*Supplied data:*
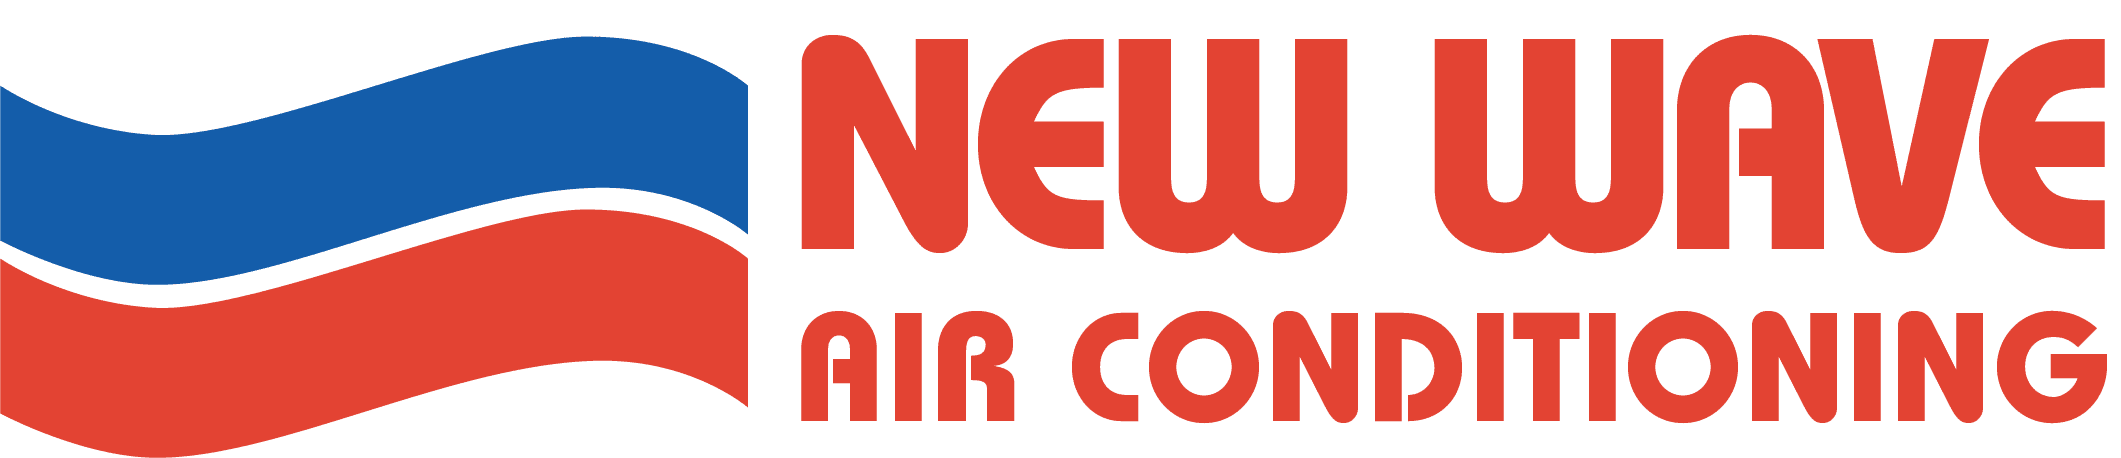 New Wave Air Logo
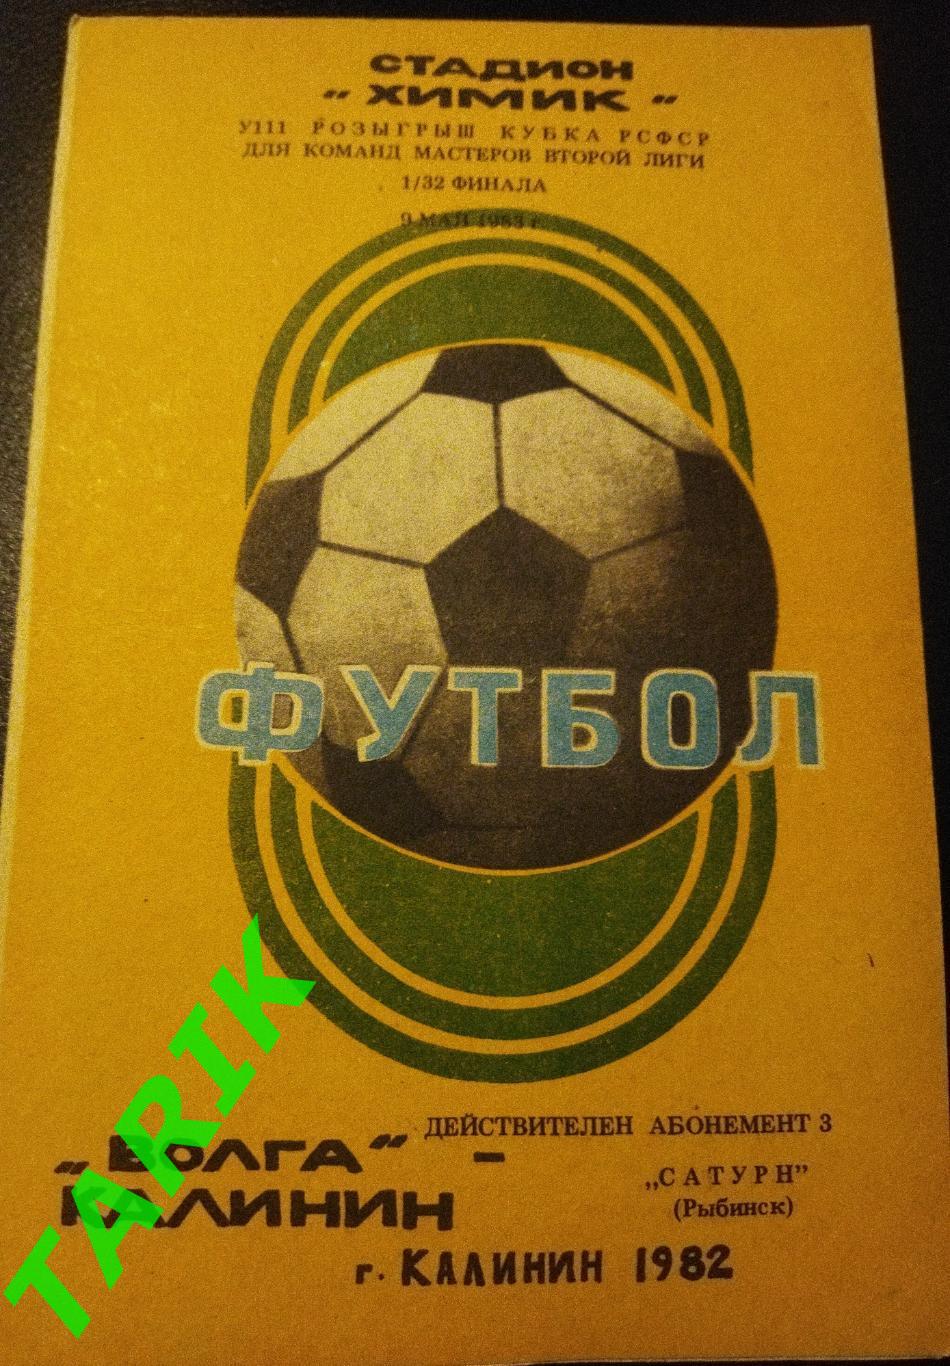 Волга Калинин - Сатурн Раменское 1983 (Кубок РСФСР)
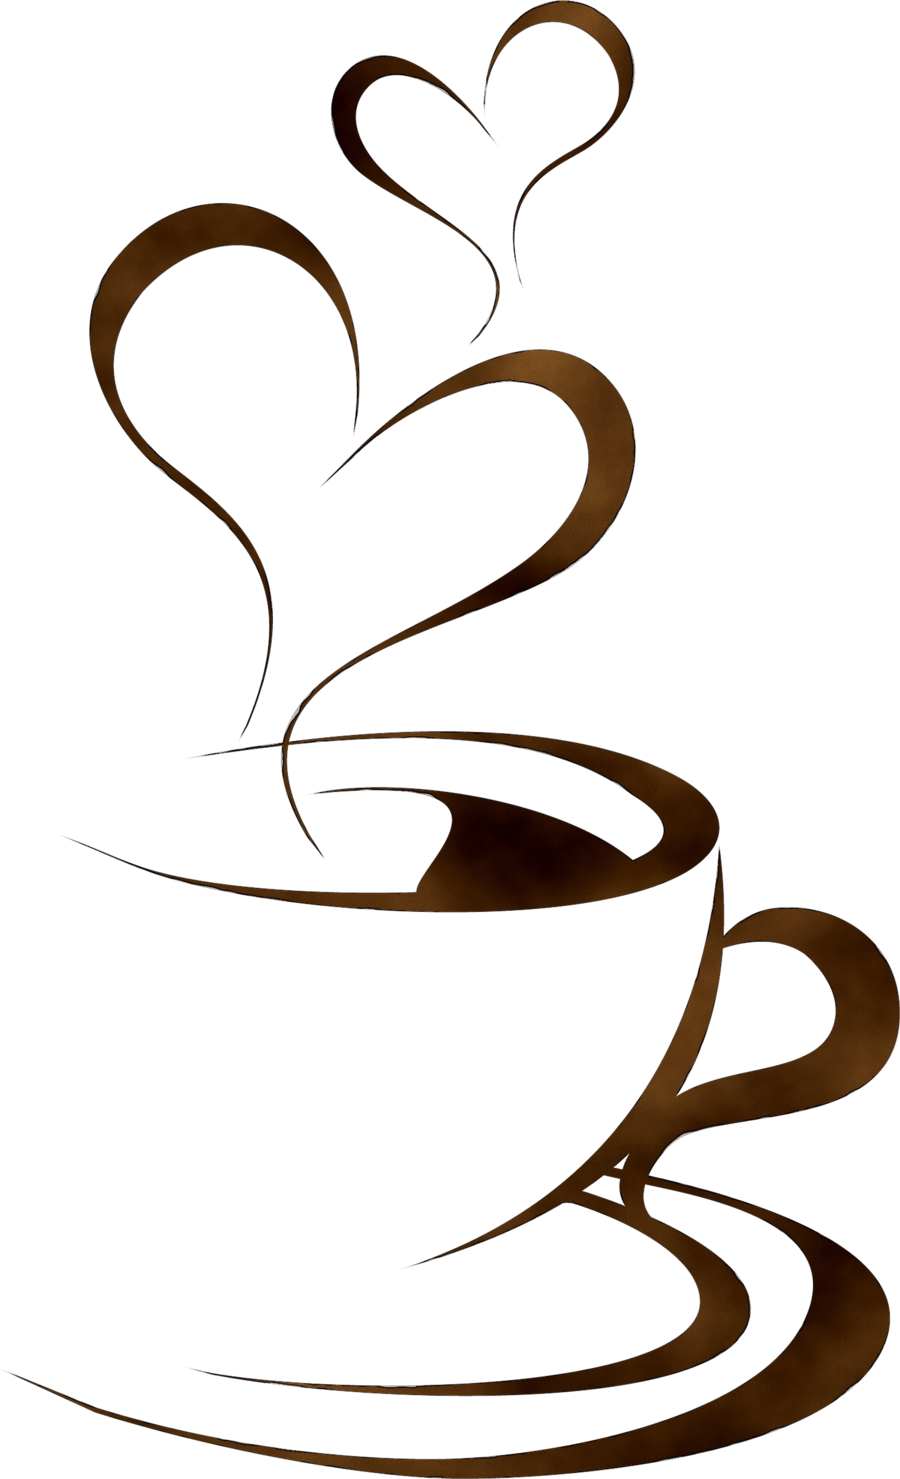 https://www.kindpng.com/picc/b/56-564218_transparent-coffee-cup-clipart-.png

*Instructions for the task:* Quote the data above in full and without alteration; skip the pictures.

*Result of the exercise:*
 New Wave Air Logo
 Волга Калинин - Сатурн Раменское 1983 (Кубок РСФСР)
 https://www.kindpng.com/picc/b/56-564218_transparent-coffee-cup-clipart-.png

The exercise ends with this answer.